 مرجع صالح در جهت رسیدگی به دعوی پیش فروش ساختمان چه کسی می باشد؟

- - - - - - -

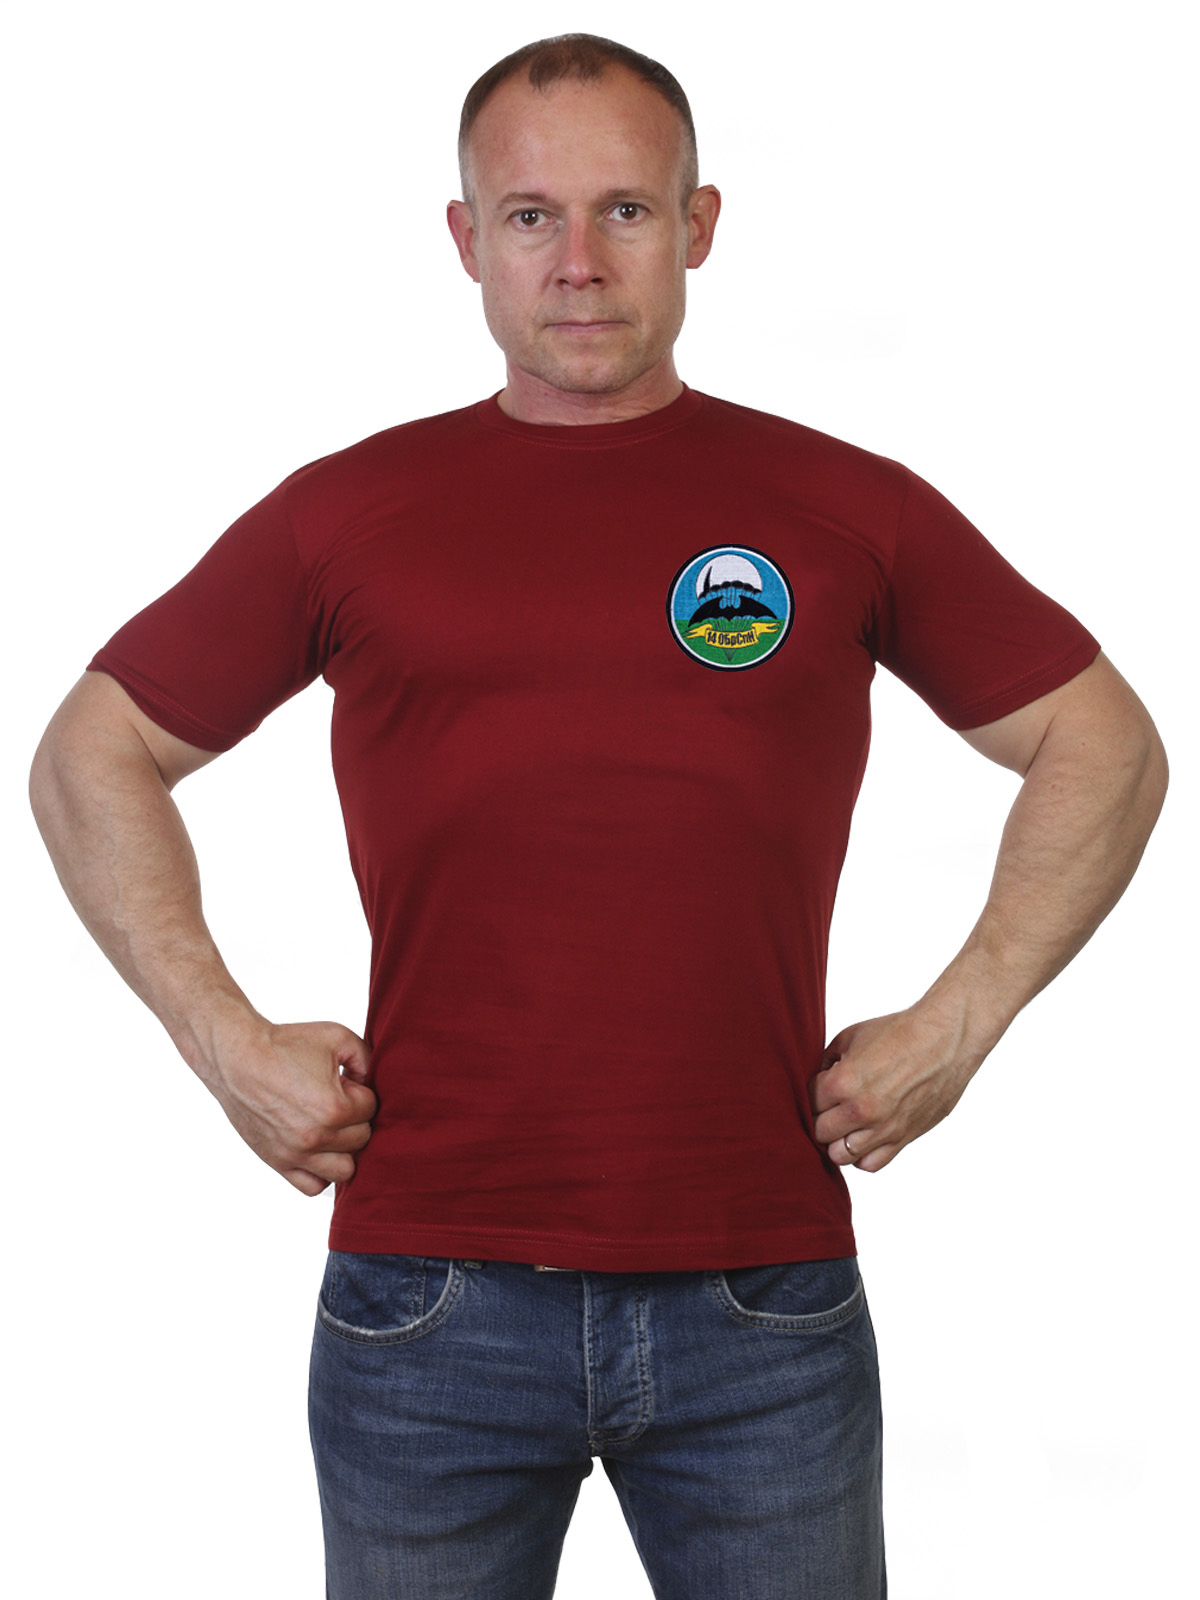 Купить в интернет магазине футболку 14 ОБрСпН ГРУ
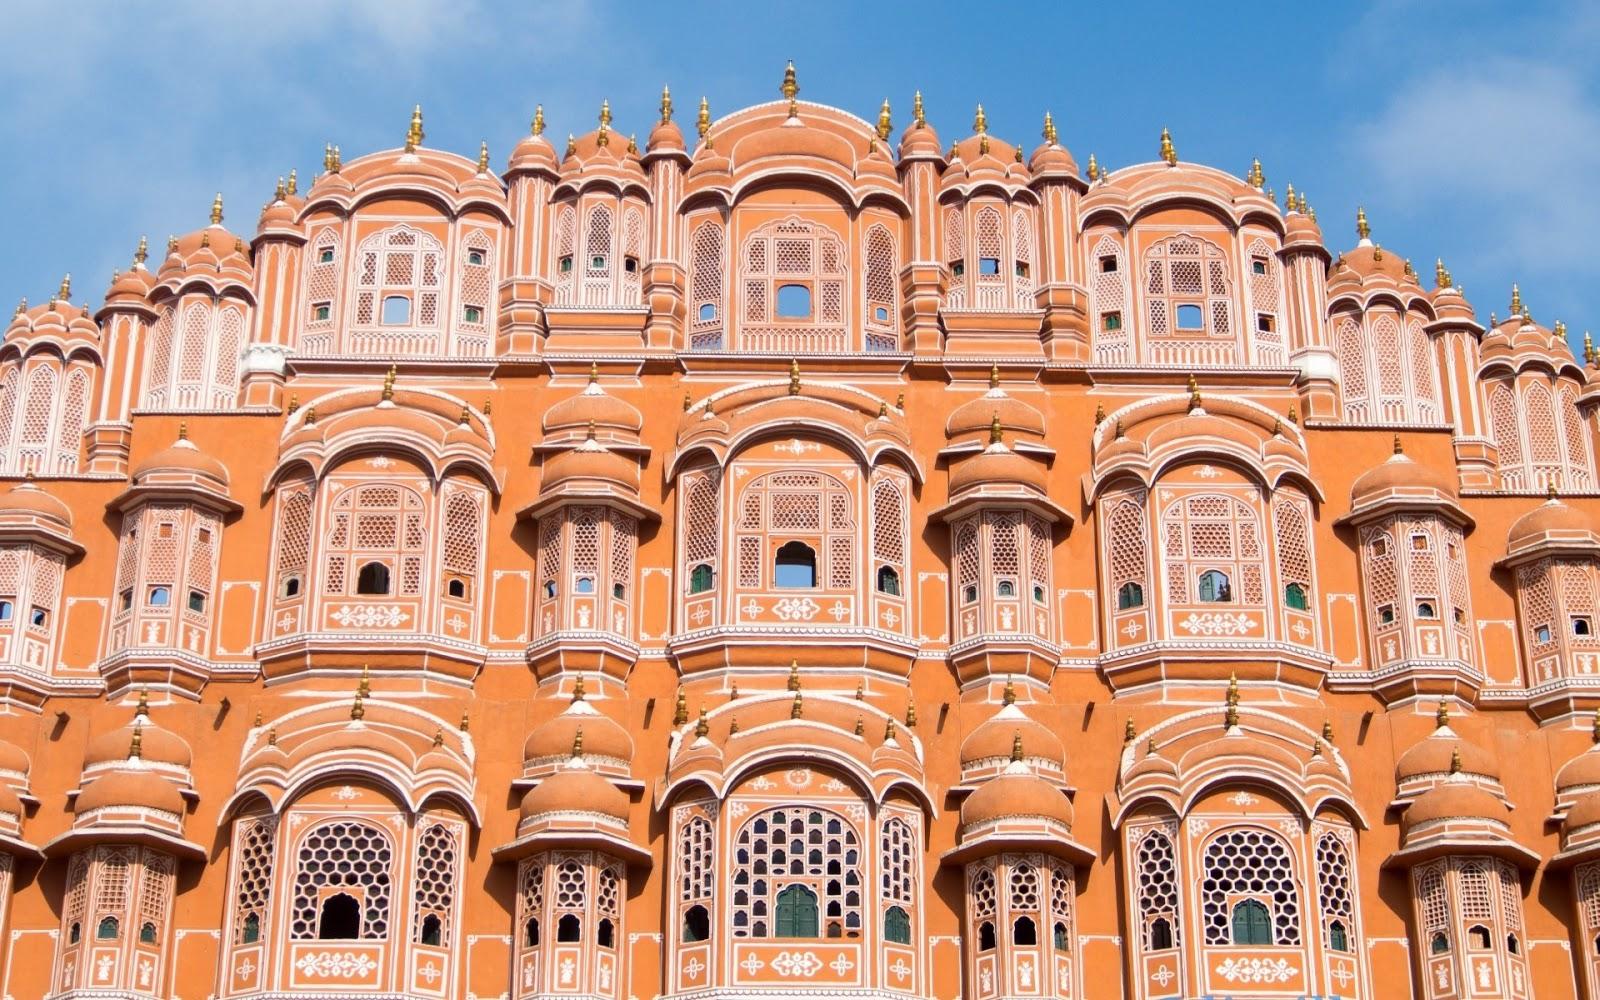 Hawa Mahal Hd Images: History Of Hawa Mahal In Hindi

- - - - - - -

• [Required work]
Word for word, repeat the lines above from the one with "Купить в интернет" through the one with "Hawa Mahal Hd", and nothing beyond them. Omit the pictures.

• [Answer to the problem]
 Купить в интернет магазине футболку 14 ОБрСпН ГРУ
 Hawa Mahal Hd Images: History Of Hawa Mahal In Hindi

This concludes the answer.